2.3.2. Using the mpstat command

mpstat reports per-processor statistics with each row of the table representing the activity of one processor. $ mpstat 5 CPU minf mjf xcal intr ithr csw icsw migr smtx srw syscl usr sys wt idl 0 20 0 3592 3350 2338 1355 43 184 285 0 4578 9 6 1 84 1 19 0 304 465 283 2139 135 398 140 0 6170 9 6 1 85 2 25 0 352 507 295 2153 158 433 183 0 7508 12 7 1 81 3 26 0 357 513 302 2082 155 425 181 0 7460 12 7 0 81 CPU minf mjf xcal intr ithr csw icsw migr smtx srw syscl usr sys wt idl 0 3 0 3879 3773 2754 1832 61 322 339 0 3424 12 7 0 81 1 2 0 555 544 264 3040 197 670 112 0 4828 15 6 0 78 2 11 0 188 595 269 3141 219 738 121 0 5291 18 6 1 75 3 65 0 185 585 279 2660 211 673 110 0 5420 22 9 0 69 CPU minf mjf xcal intr ithr csw icsw migr smtx srw syscl usr sys wt idl 0 6 0 4028 3633 2620 1695 51 287 343 0 2857 12 8 0 80 1 7 0 150 545 265 3044 196 663 117 0 4374 14 4 0 81 2 14 0 226 602 279 2823 225 707 103 0 4715 22 4 1 73 3 2 0 125 600 282 2810 230 699 118 0 4665 18 4 0 78 mpstat identifies what each CPU is spending its time doing. For example, the distribution of system/user/wait/idle time, system calls made, lock contention, interrupts, faults and cross calls. See the mpstat(1M) man page for details of each column.

2.3.3. Using the iostat command

iostat reports disk usage. Each row of the table represents the activity of one disk. Useful options include: -n identify disks according to cXtYdZ -x report extended statistics The -z option (new in Solaris 8) omits lines were no disk activity has taken place in the sampling interval. This helps shorten the output and highlight active disks. -p & -P report per partition I/O statistics which are useful when looking at swap devices. The -E option is useful for identifying disks which are generating errors. iostat also reports activity over NFS which can make output rather long.

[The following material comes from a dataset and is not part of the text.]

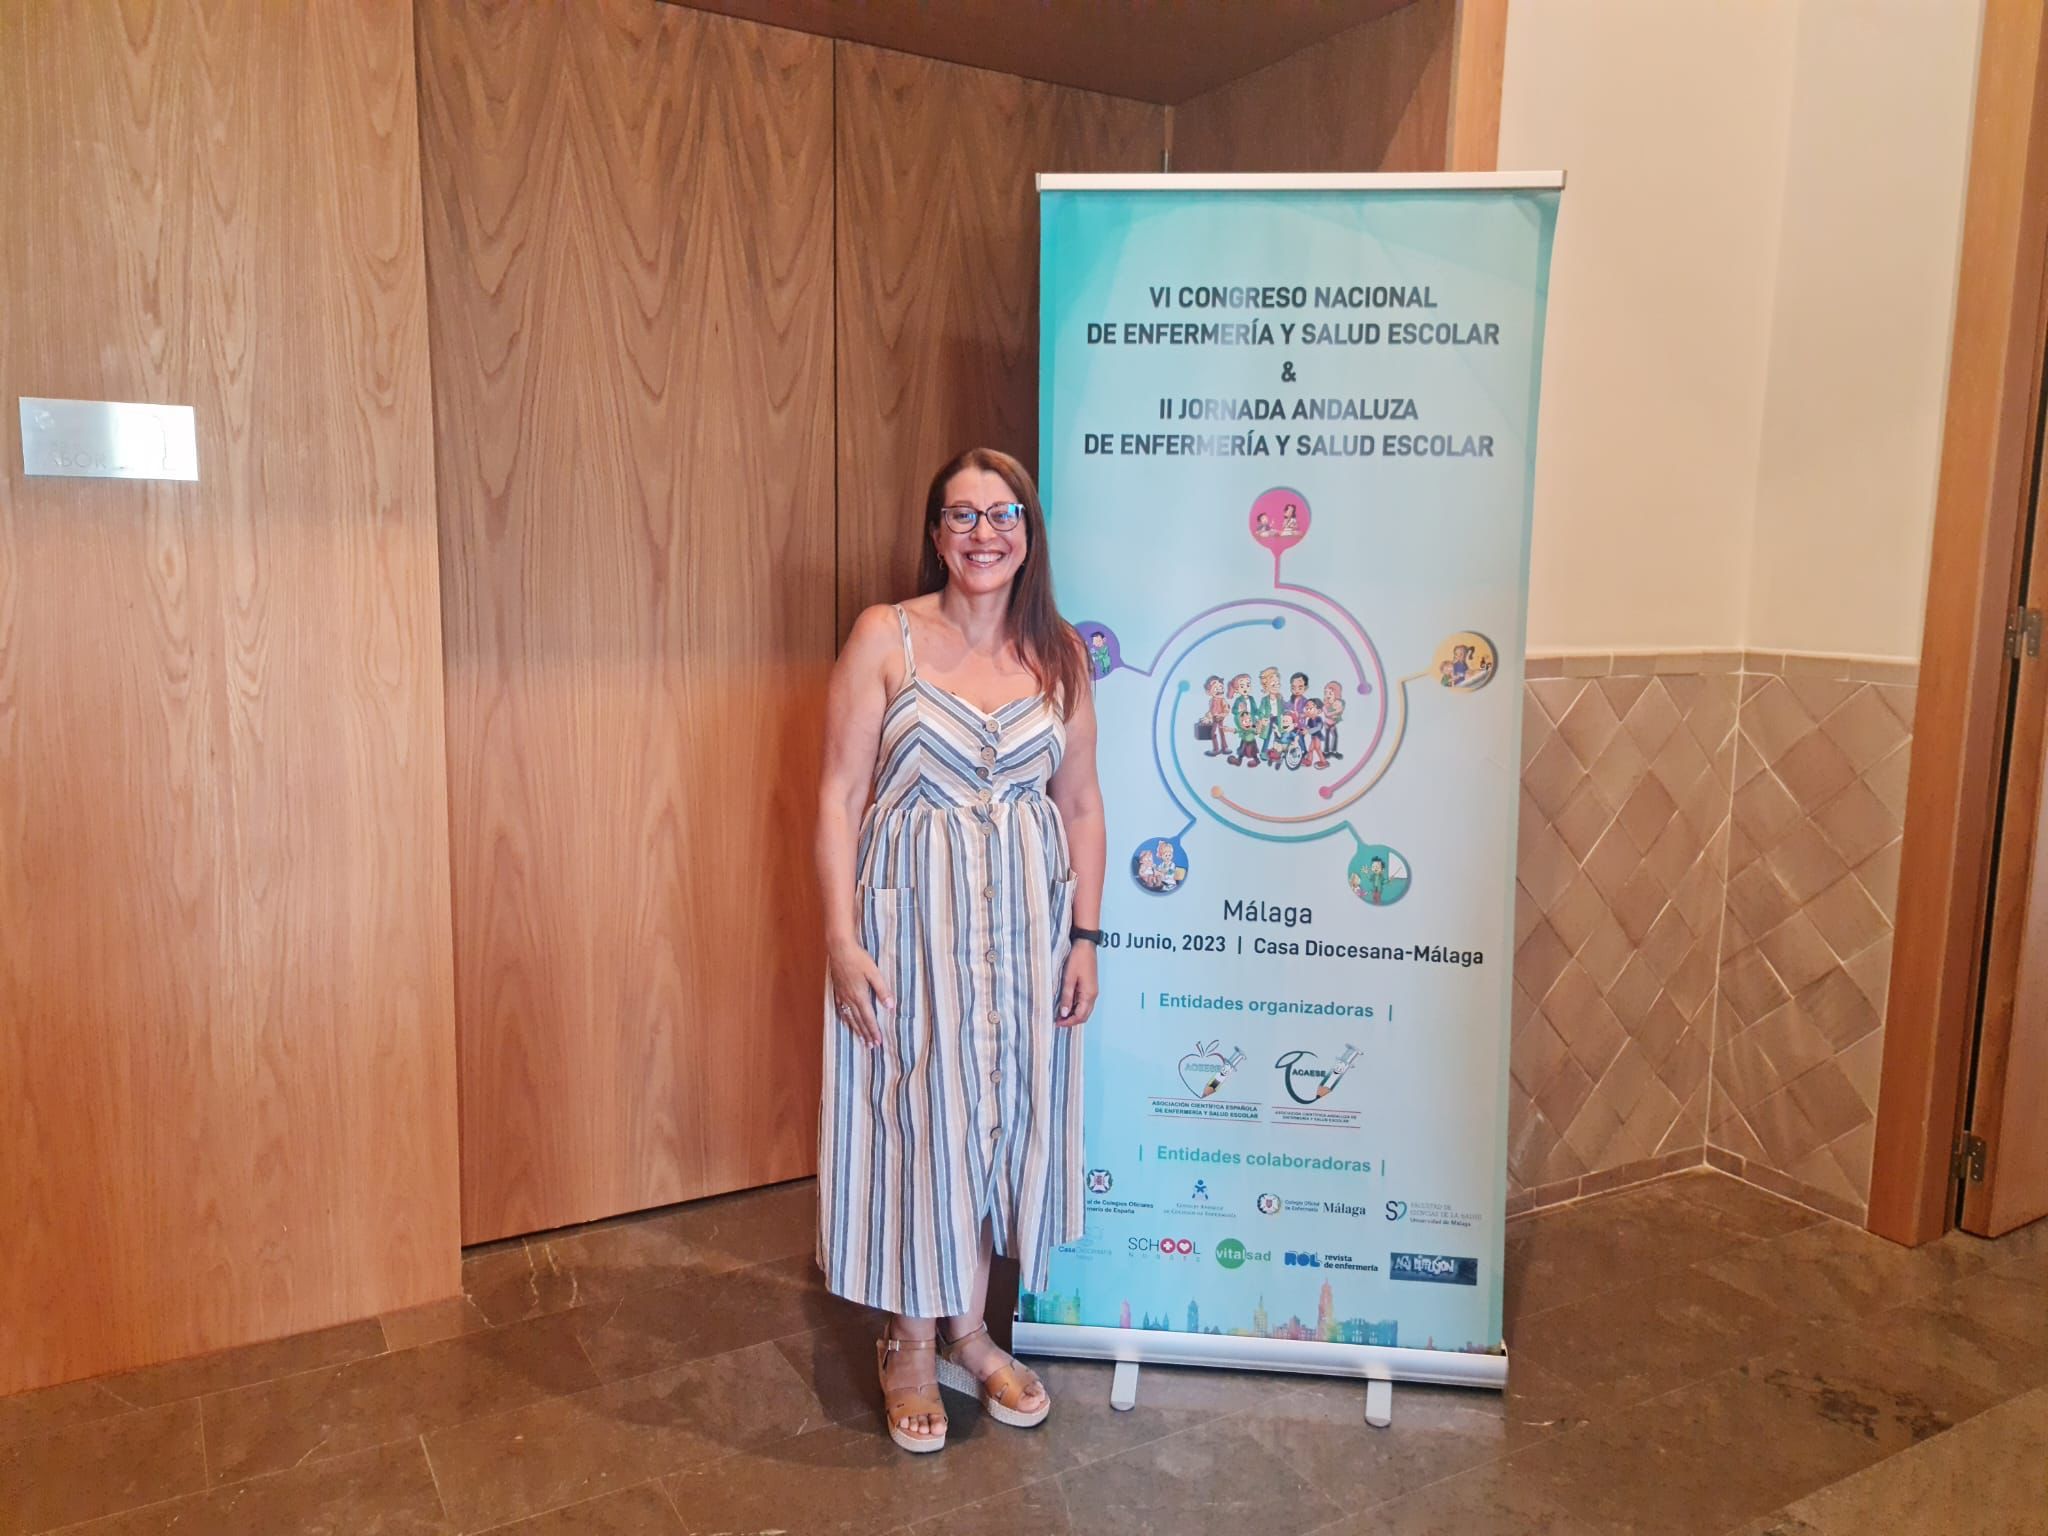 La enfermera Pilar Santana Vega presenta en Málaga los datos más relevantes de este proyecto piloto, pionero en Canarias, en el transcurso del Congreso Nacional de Enfermería y Salud Escolar

2.3.4. The day cometh, truss is your friend

truss(1M) is a utility which executes a specified command and produces a trace of the system calls it performs, the signals it receives, and the machine faults it incurs. truss can also follow the execution of an existing process. truss is a very useful to tool to narrow down what resources an application is requesting from the kernel that are slow or are used to excess. If you don't know about truss, then read the man page and have a play. The -m option is very useful for showing faults such as page faults. The -c option gives a summary of system calls, faults, and signals and the cumulative times spent in each system call type and number of failed system calls.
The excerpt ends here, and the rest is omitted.